Please restate every line below exactly, without any pictures.

• [Dataset content]:
▬▬▬
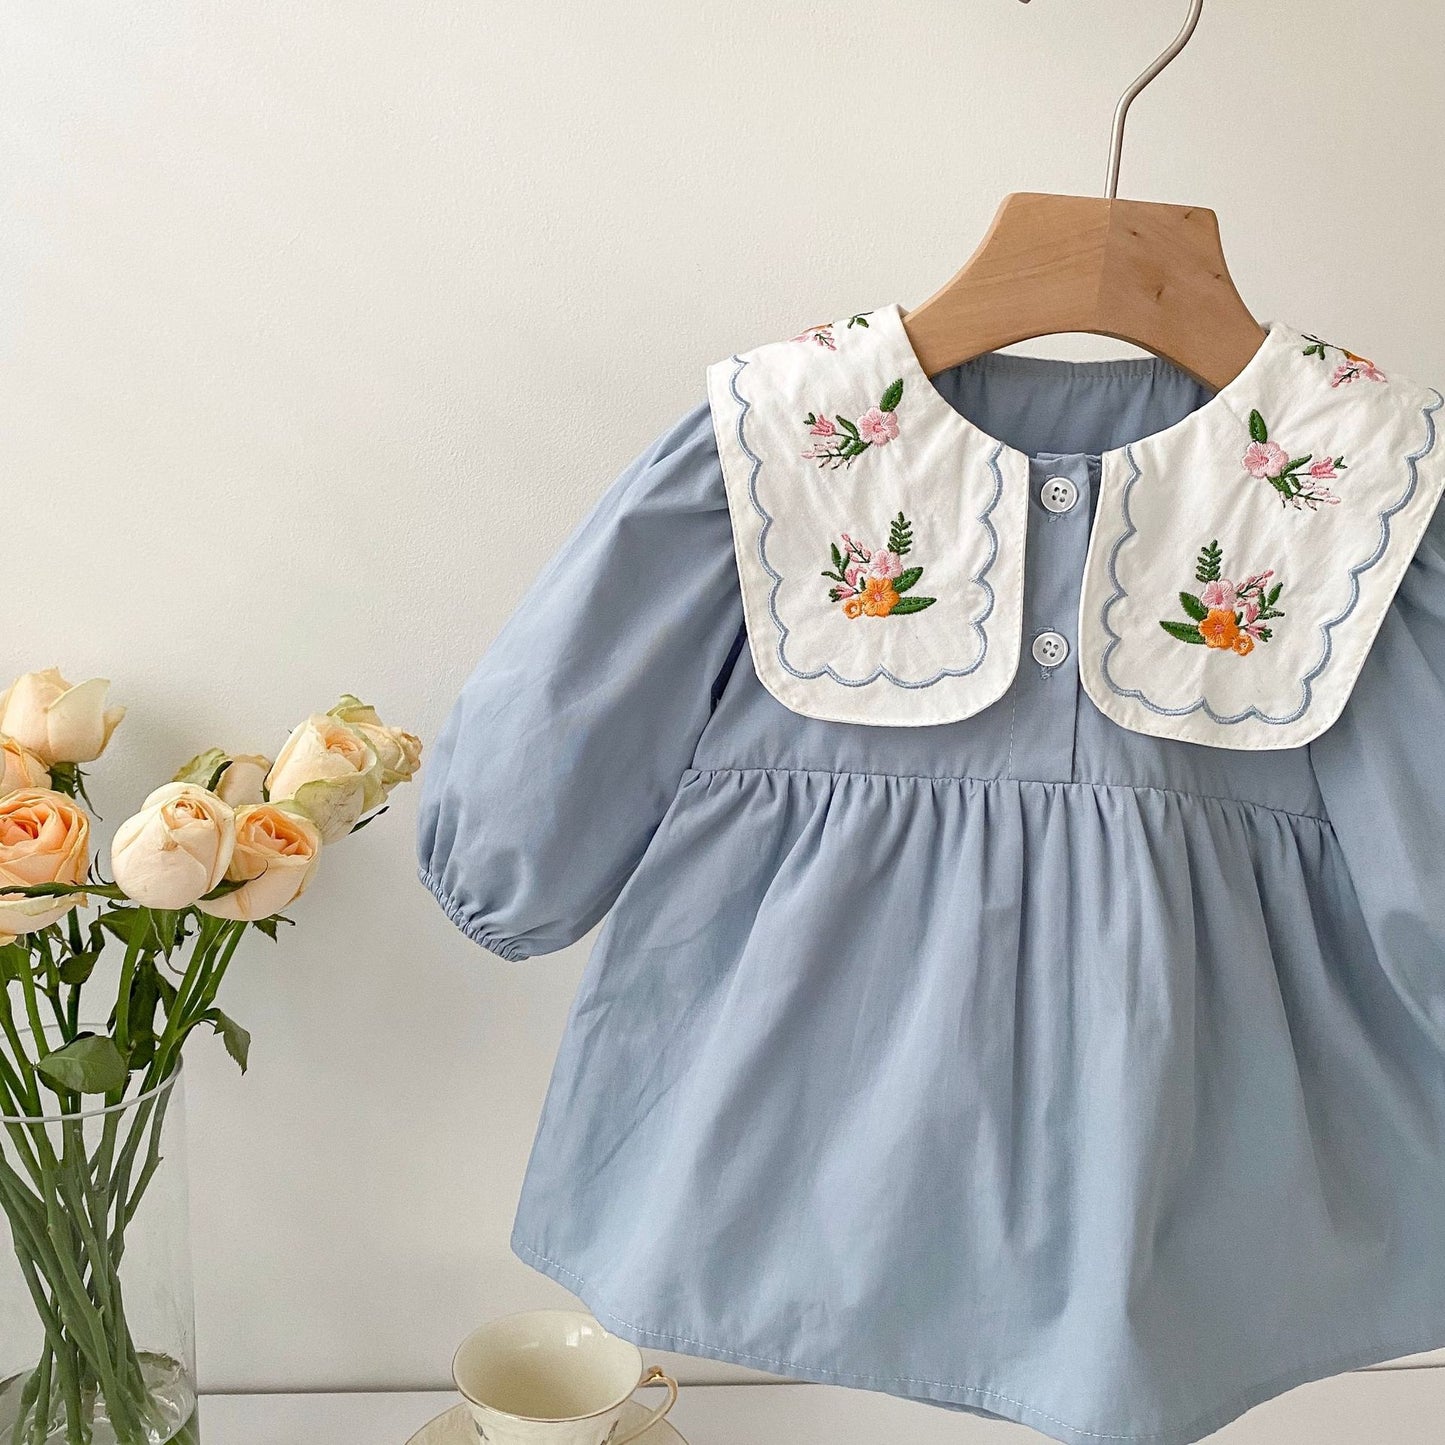 New Arrival Baby Floral Plain Princess Onesie Dress For Girls
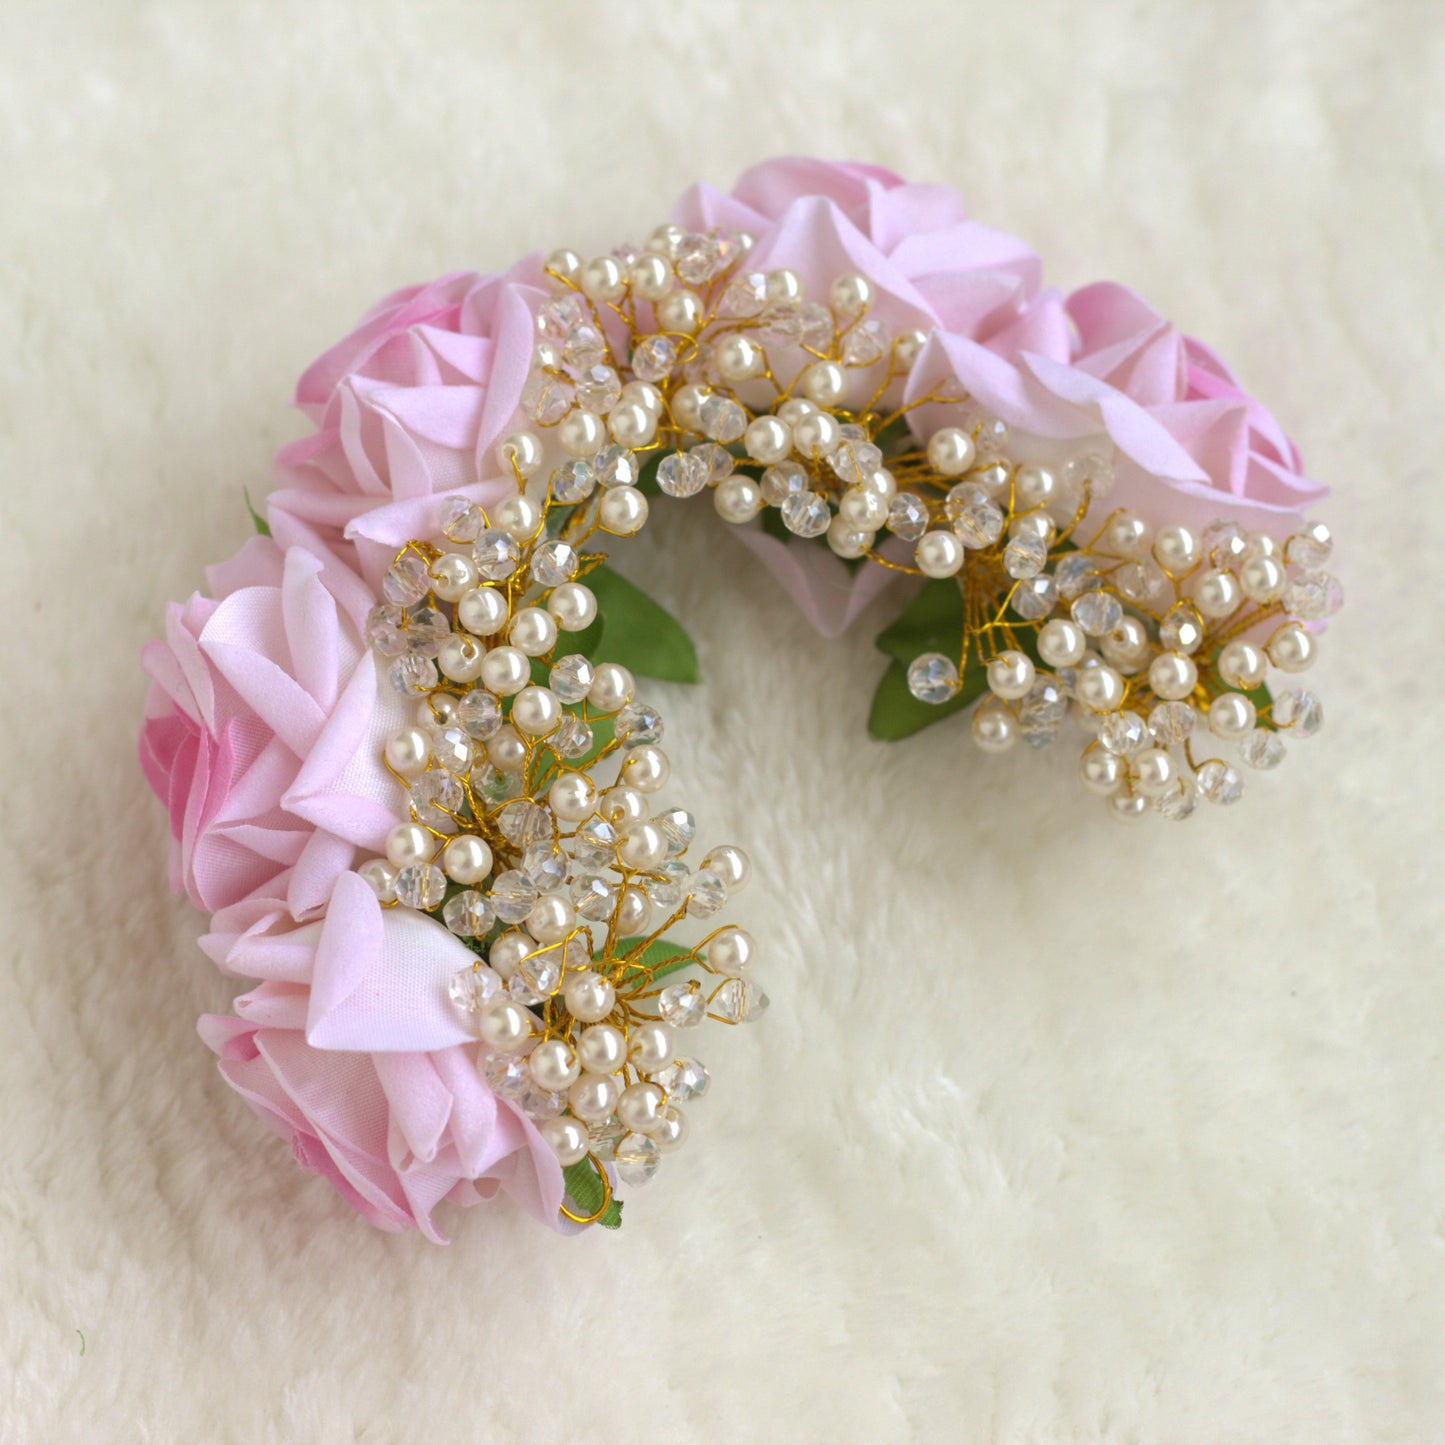 Flexible Real Look Roses with Pearls & Crystals Artificial Hair Bun Flower Accessory
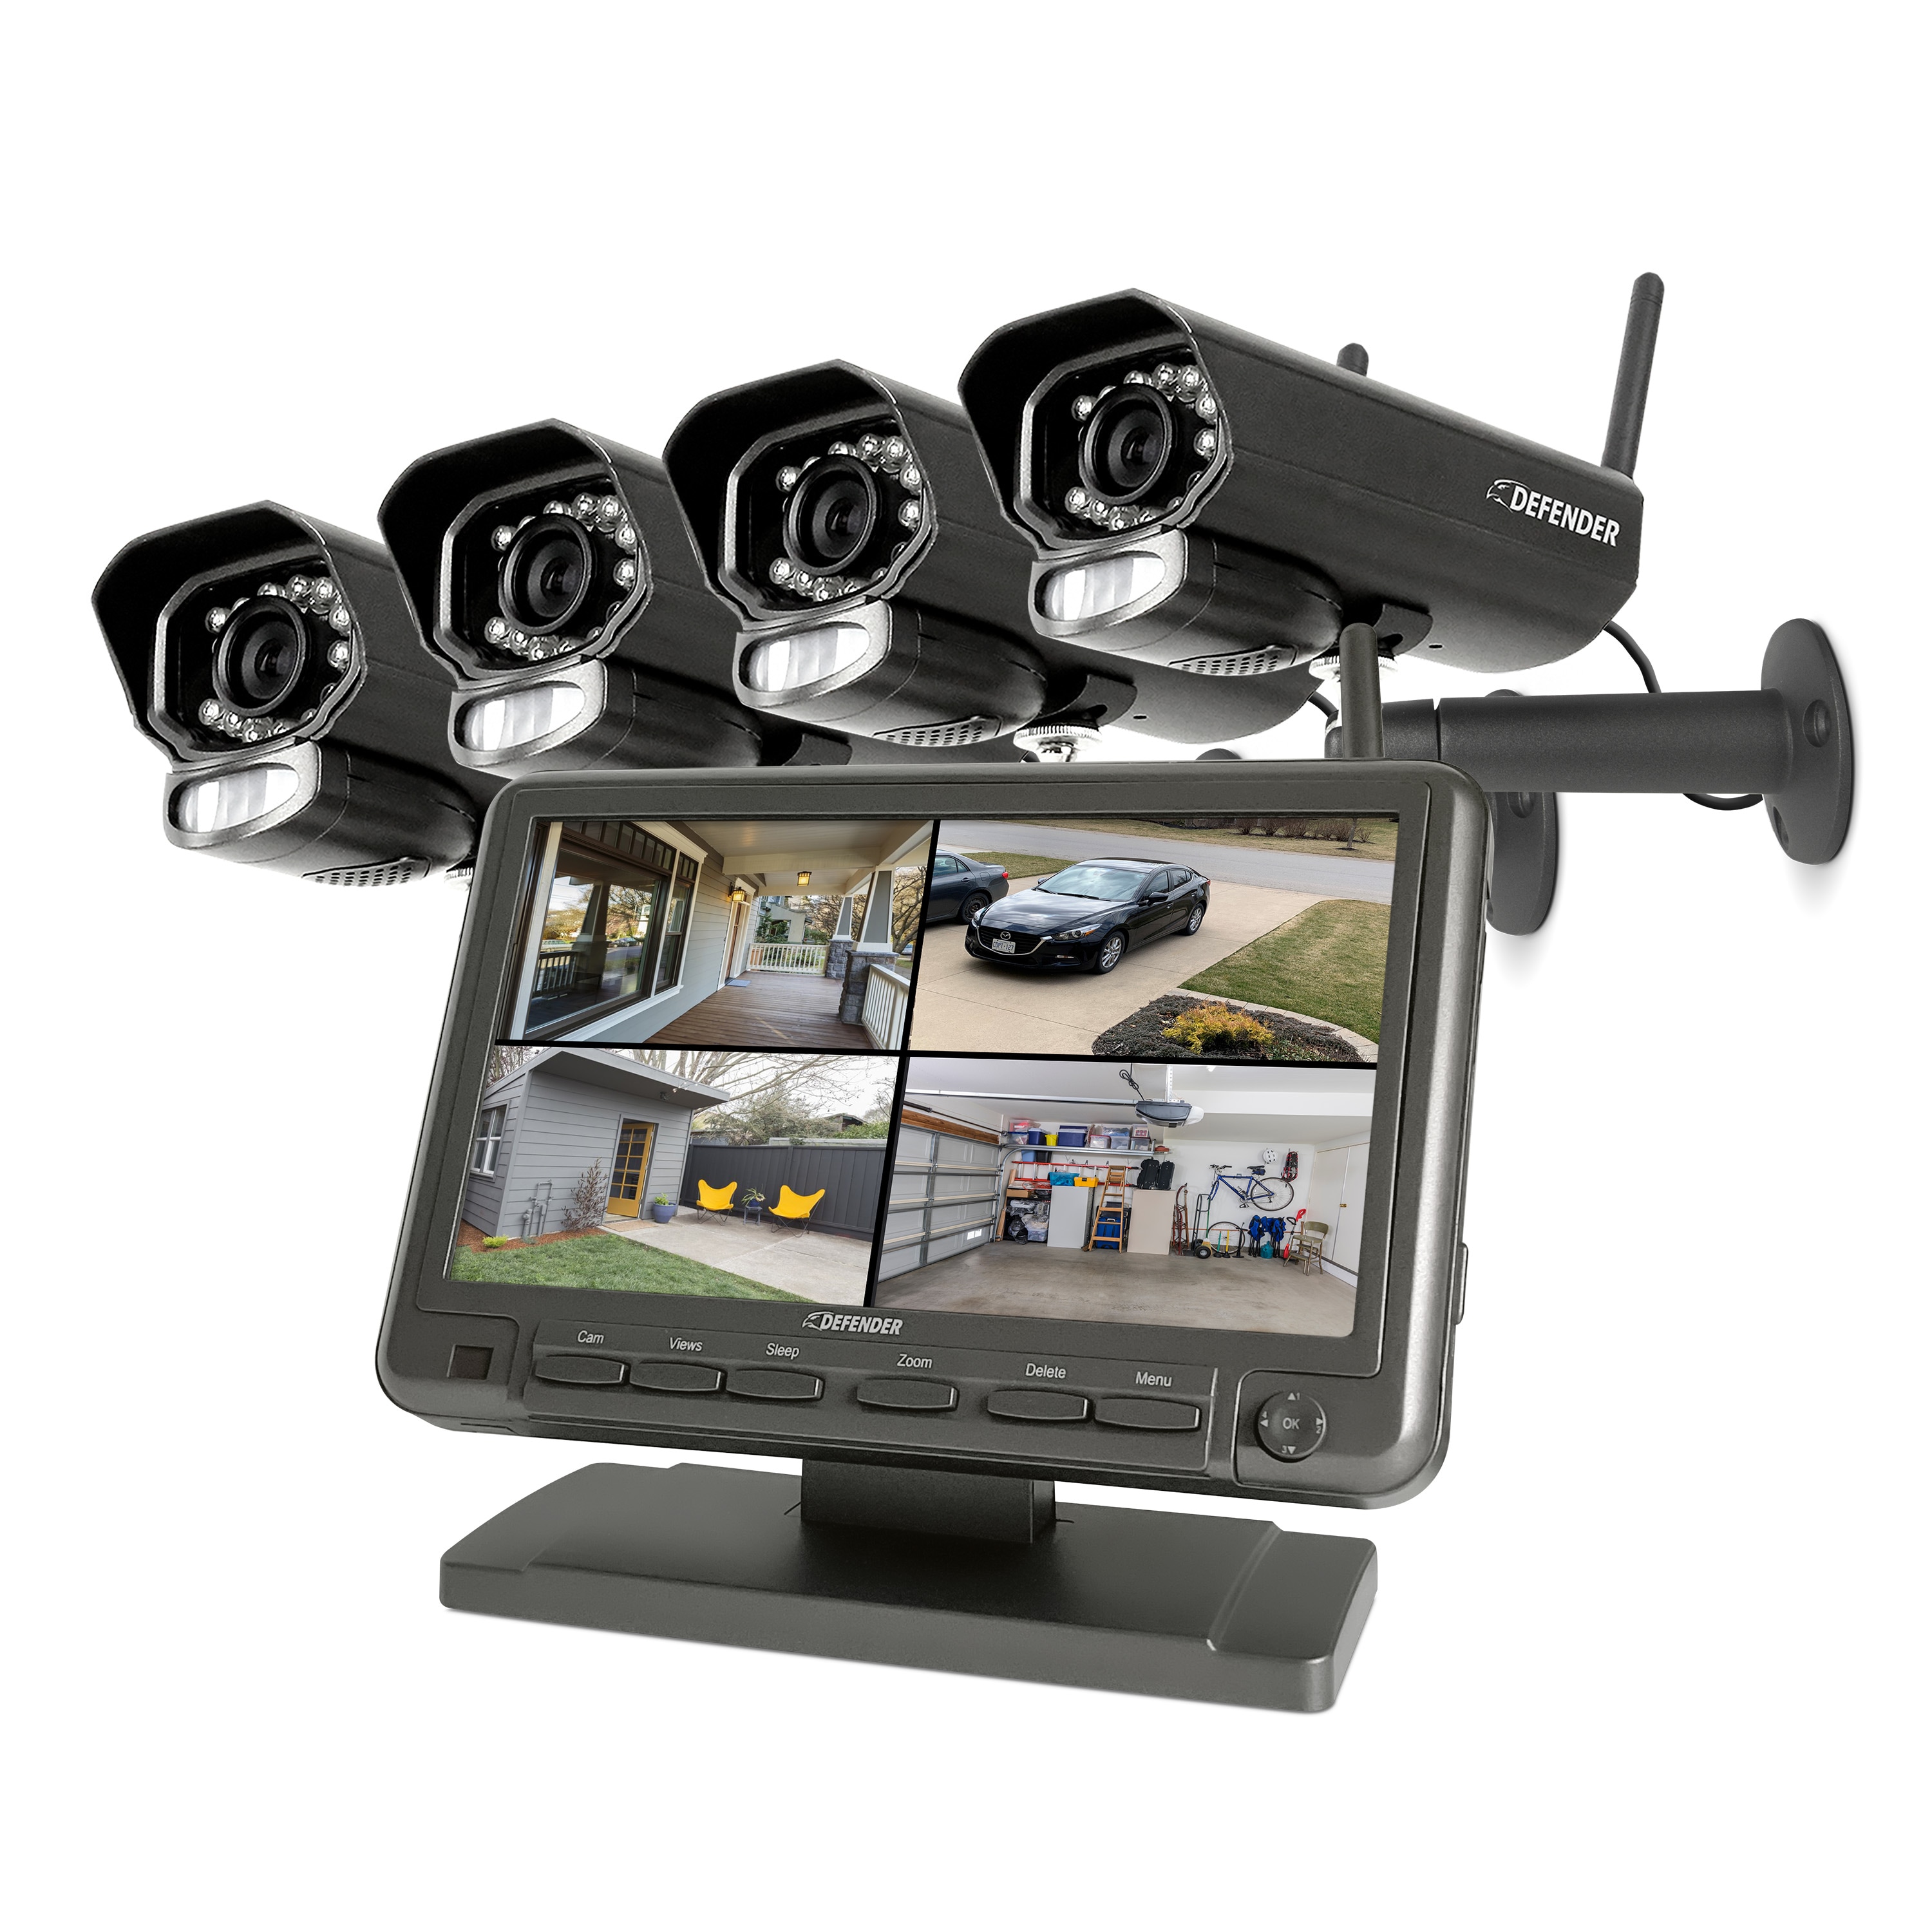 LARGE METAL HOME SECURITY CAMERAS SYSTEM ARE IN USE WARNING YARD FENCE SIGNS 
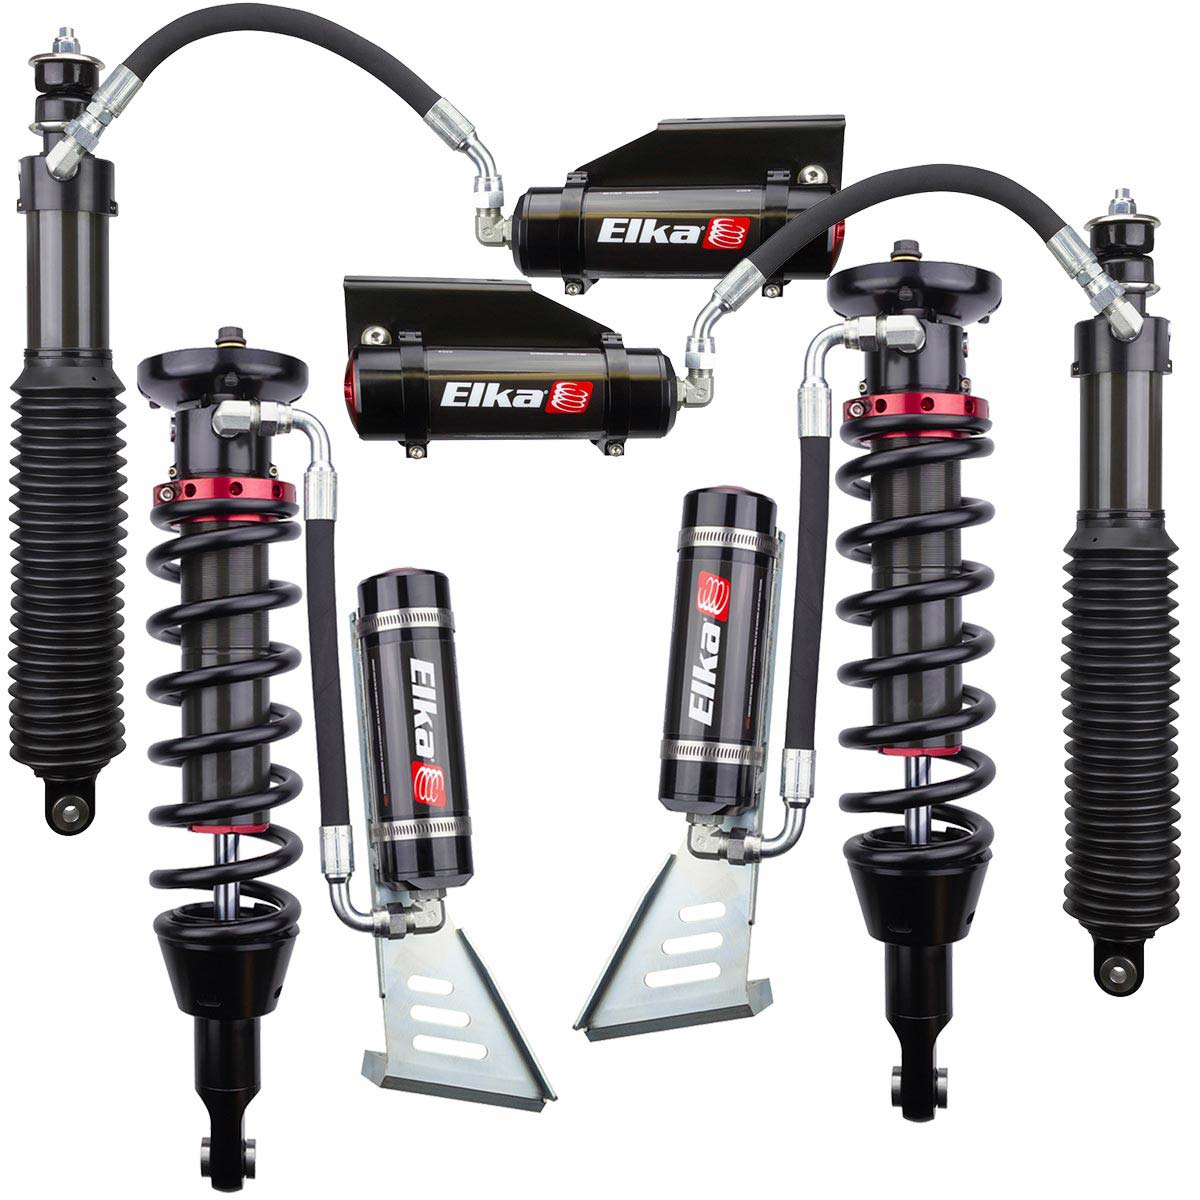 2.5 RESERVOIR FRONT & REAR SHOCKS KIT for TOYOTA 4RUNNER, 1996 to 2002 (0 in. to 3 in. lift) - RA Motorsports Canada
▬▬▬
• [Written answer]:
 New Arrival Baby Floral Plain Princess Onesie Dress For Girls
 Flexible Real Look Roses with Pearls & Crystals Artificial Hair Bun Flower Accessory
 LARGE METAL HOME SECURITY CAMERAS SYSTEM ARE IN USE WARNING YARD FENCE SIGNS 
 2.5 RESERVOIR FRONT & REAR SHOCKS KIT for TOYOTA 4RUNNER, 1996 to 2002 (0 in. to 3 in. lift) - RA Motorsports Canada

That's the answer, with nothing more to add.